Show that:
the integral between 1 and 0 of(1+(a-1)x)^n= (a^(n+1)-1)/{(n+1)(a-1)}
where a isn't 1 and n is a positive integer.
Please help. I have no idea how to intergrate it.
Thanks
First, let's do the integral: (note, you just treat a - 1 as a constant and do it as you would any other integral)
int{(1+(a-1)x)^n}dx
We proceed by substitution:
Let u = 1+(a-1)x
=> du = (a - 1) dx
=> 1/(a - 1)du = dx
so our integral becomes:
1/(a - 1)*int{u^n}du
= 1/(a - 1){u^(n + 1)]/(n + 1)} + C
= 1/(a - 1){[(1 + (a - 1)x)^(n + 1)]/(n + 1)} + C
Now we evaluate our answer between 0 and 1.
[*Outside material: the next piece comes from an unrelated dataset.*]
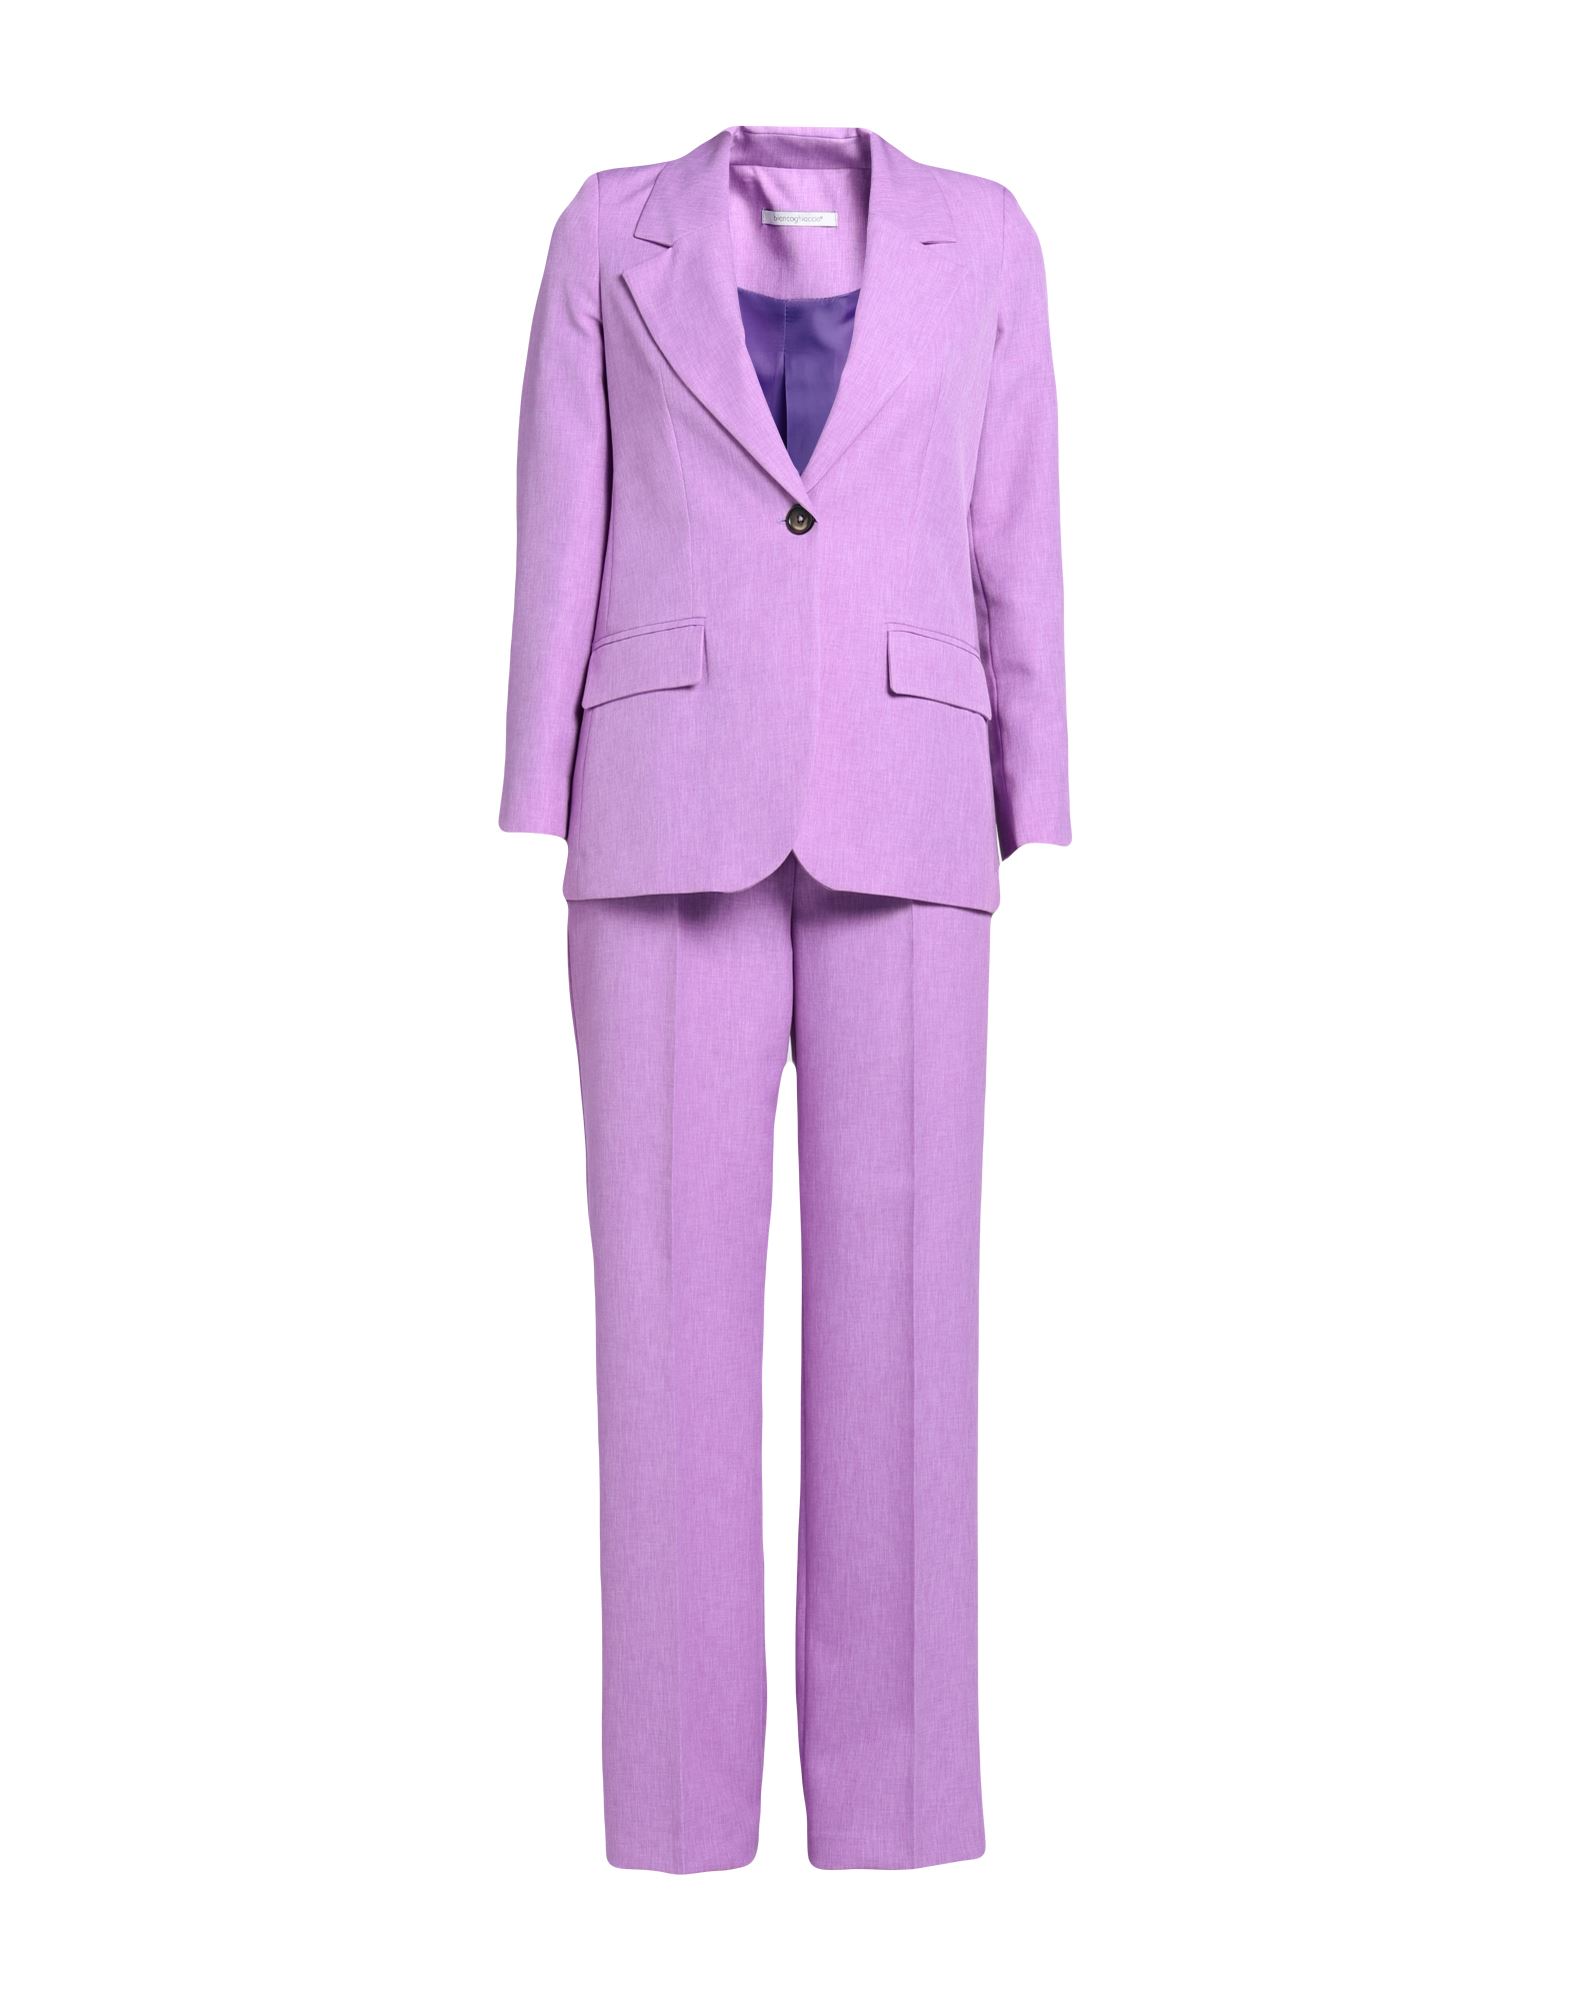 Biancoghiaccio Suits In Purple

1/(a - 1)*{[(1 + (a - 1))^(n + 1)/(n + 1)] - [(1 + (a - 1)(0))^(n + 1)/(n + 1)]}
= 1/(a -1)*{a^(n+1)/(n+1) - 1^(n+1)/(n+1)}
= 1/(a -1)*{a^(n+1)/(n+1) - 1/(n+1)}
= 1/(a - 1)*((a^(n+1) - 1)/(n + 1))
= (a^(n+1)-1)/{(n+1)(a-1)} as desired